Mean of Compensation (x) will be,
[tex]X\;=\;\frac{26.43\;+\;12.03\;+\;19.74\;+\;13.54\;+\;11.97\;+\;11.41\;+\;25.94\;+\;14.46\;+\;17.13\;+\;14.71}{10}[/tex]
[tex]X\; = \;16.737[/tex]
Mean of Stock Return (y) will be,
[tex]Y\;=\;\frac{5.43\;+\;30.89\;+\;31.89\;+\;80.06\;-\;8.22\;+\;2.89\;+\;4.39\;+\;10.95\;+\;4.18\;+\;11.94}{10}[/tex]
[tex]Y\;=\;17.44[/tex]
Standard Deviation for Compensation (x) is given by,
[tex]\sigma _{x}\;=\;\sqrt{\frac{\sum (x_{i}-X)^{2}}{N}}[/tex]

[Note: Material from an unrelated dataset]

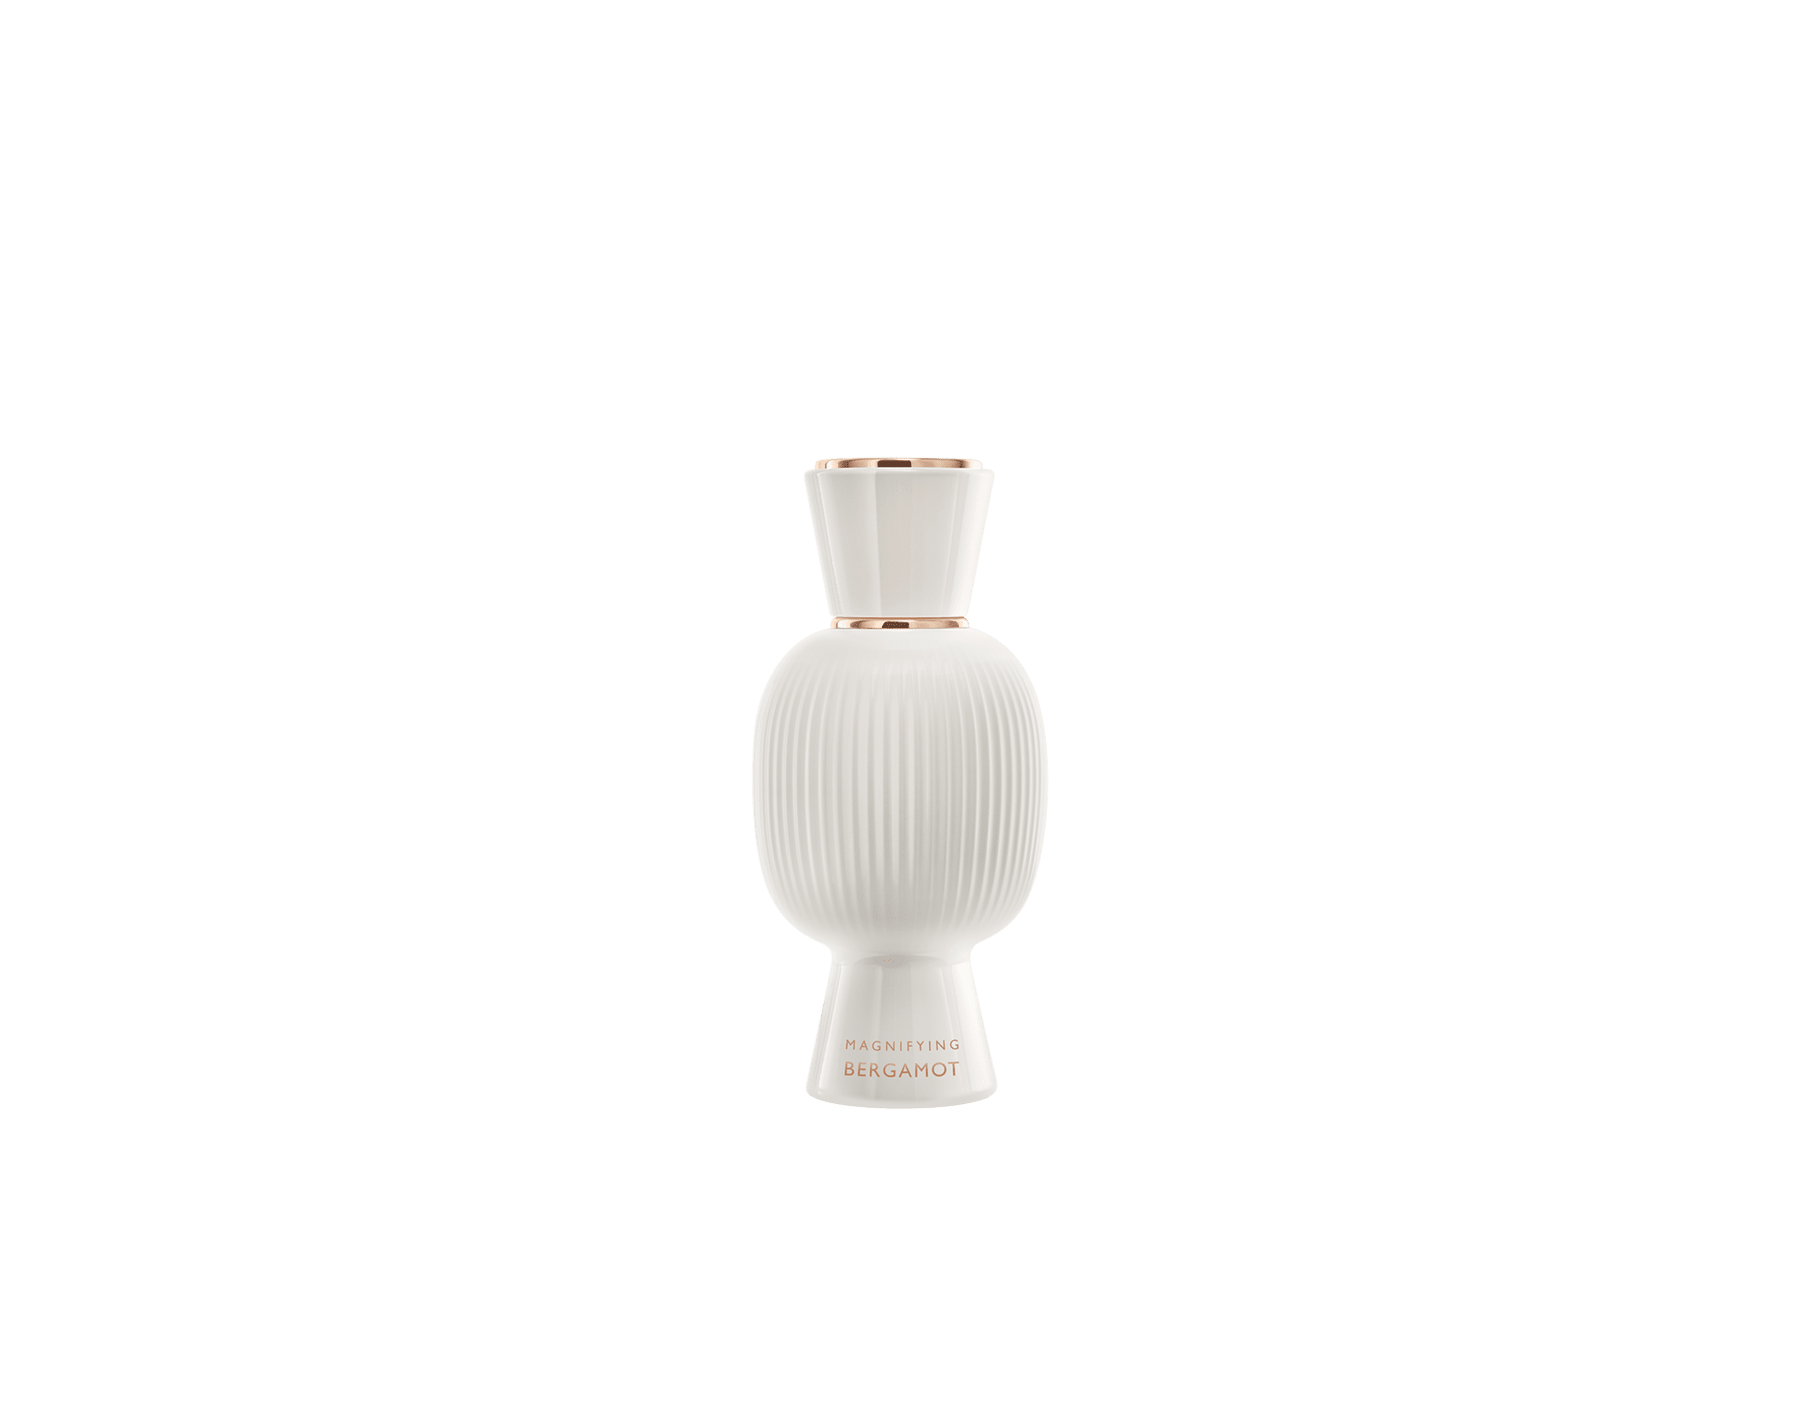 La vibrante vitalità di Magnifying Bergamot esalta la freschezza della tua Eau de Parfum. #MagnifyForMore Joy 41277 image 1
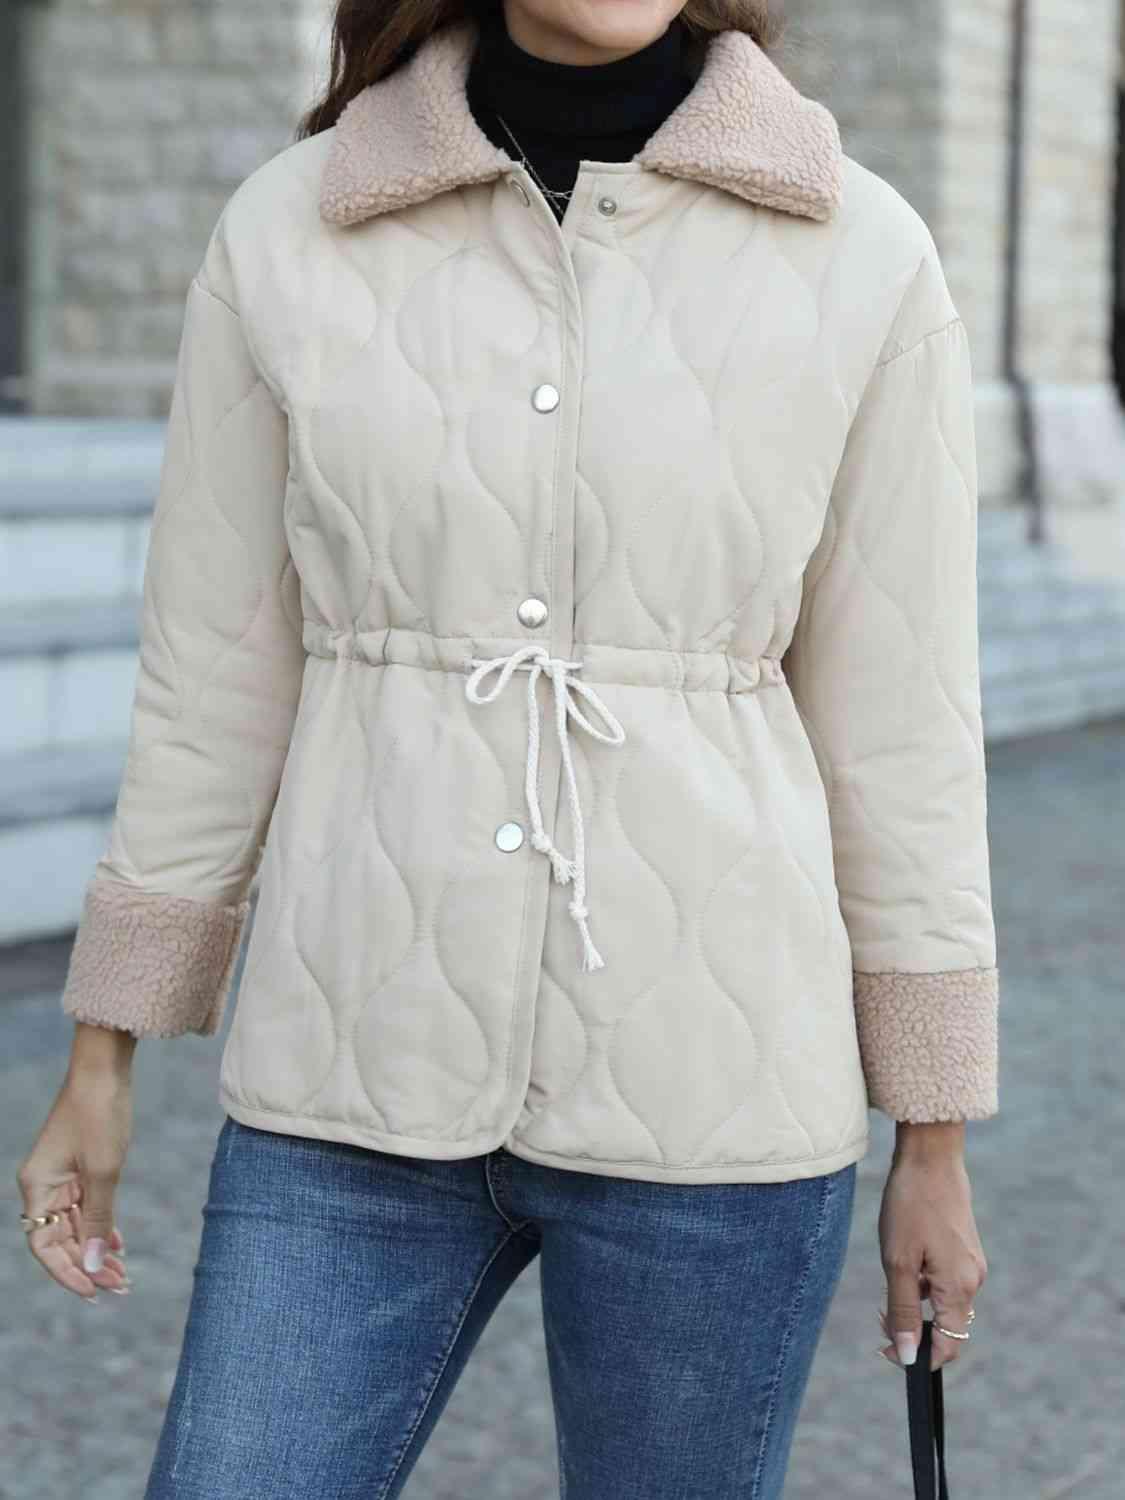 Winter Snug Snap Down Fleece Lined Jacket - MXSTUDIO.COM

[tex]\sigma _{x}\;=\;\sqrt{\frac{(26.43-16.73)^{2}+(12.03-16.73)^{2}+....+(14.71-16.73)^{2}}{10}}[/tex]
[tex]\sigma _{x}\;=\;5.30[/tex]
Standard Deviation for Compensation (x) is given by,
[tex]\sigma _{y}\;=\;\sqrt{\frac{\sum (y_{i}-Y)^{2}}{N}}[/tex]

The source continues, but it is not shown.